Quorn ad banned for misleading claims about carbon footprint

Spot received 32 complaints.

The advertising watchdog has banned an ad for a Quorn product claiming it could help reduce a person's carbon footprint.

The film for Quorn Thai Wonder Grains aired in April and received 32 complaints. It shows a woman eating the product at her office desk who says: "Quorn Thai Wonder Grains is a step in the right direction because it helps us reduce our carbon footprint and that's got to be good."

On screen, text added: "Quorn Wonder Grains. Awarded carbon reduction footprint certification by the Carbon Trust for the full life cycle of the product. See Quorn.co.uk/TV for details."

It was made by Mawhinney Collins and produced by Outsider and Shaw Productions.

The complainants questioned whether the product could help a person's carbon footprint and whether claims about a beneficial effect on climate change were misleading.

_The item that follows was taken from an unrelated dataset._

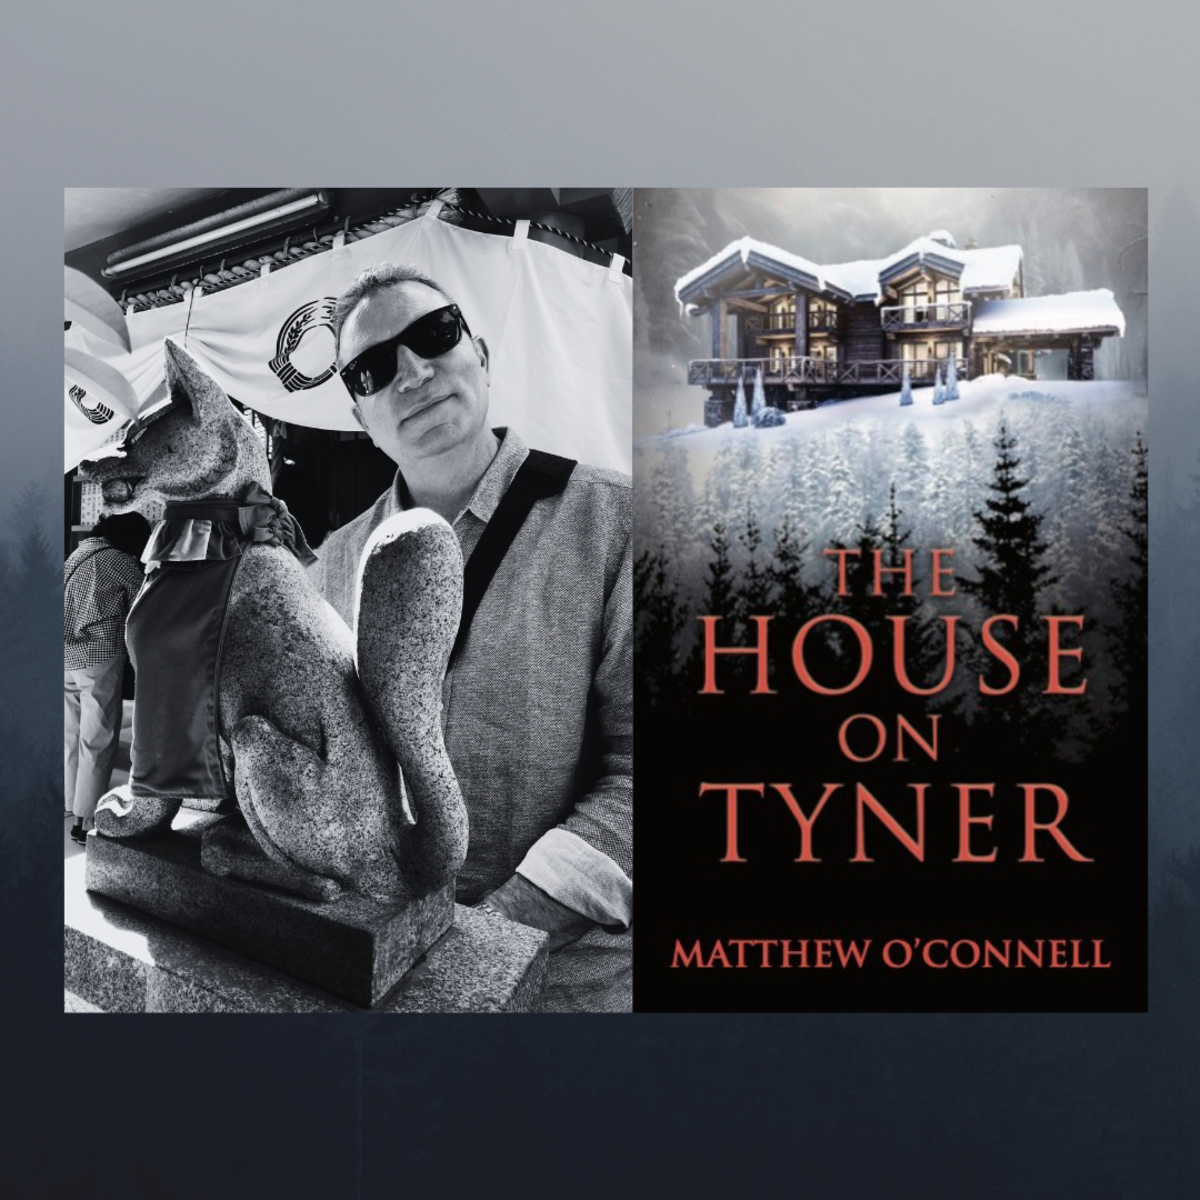 Interview With Author Matthew O'Connell: The House on Tyner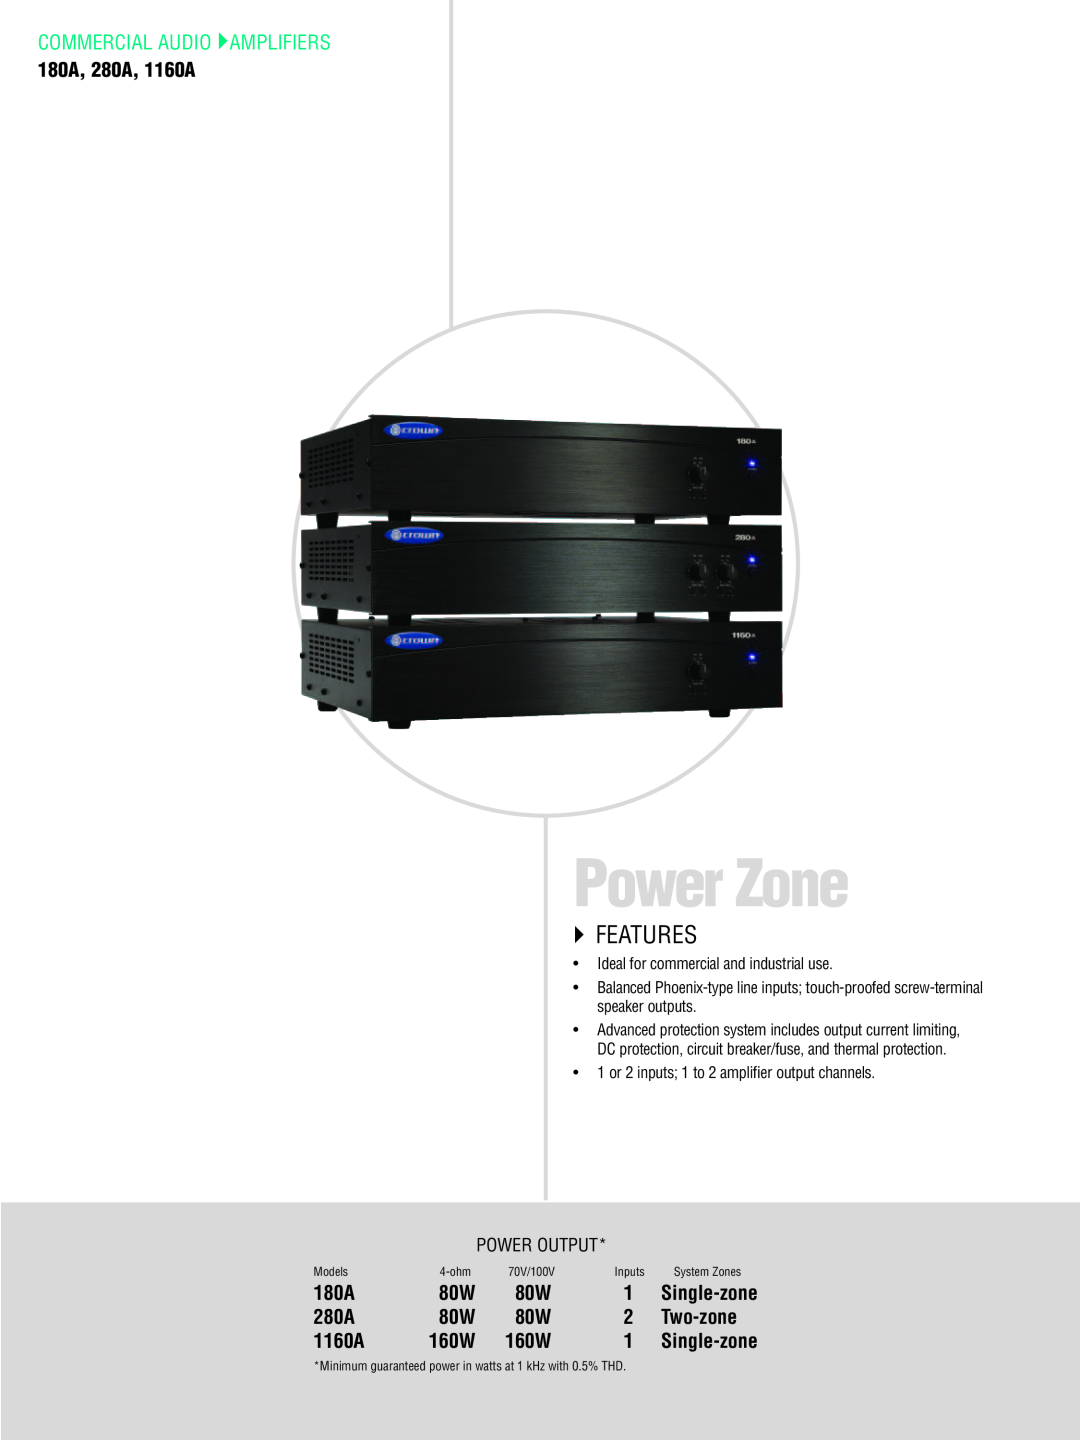 Crown CTS 1200, CTS 3000 Power Zone, Commercial Audio Amplifiers, `` Features, 180A, 280A, 1160A, Two-zone, Power Output

Quorn owner Marlow Foods' response said that Thai Wonder Grains was certified by the Carbon Trust as "cradle to grave" for its full lifecycle.

It added that, as this is a new product, there is no recertification figure, but by signing up to the carbon footprint protocol the company had a continued commitment to reduce carbon emission on the product – meaning that over time the product would help people reduce their carbon footprint.

However, the Advertising Standards Authority said that this was not clear in the spot. The body said: "Viewers would interpret the claim as a comparison against one or more other, similar, products, such that by choosing to buy a Quorn Thai Wonder Grains pot over a different product, consumers could reduce their carbon footprint immediately.

"In addition, we noted that, because the Thai Wonder Grains pot was a new product, it was not possible to demonstrate a reduction in its footprint, and the certification for that product related only to Quorn's commitment to reduce the footprint over time. We did not consider this was clear from the ad."

Quorn began marketing itself on its sustainability credentials in January, having previously used mainly health-focused messaging. 

Earlier this month, the brand appointed Adam & Eve/DDB to its global creative account.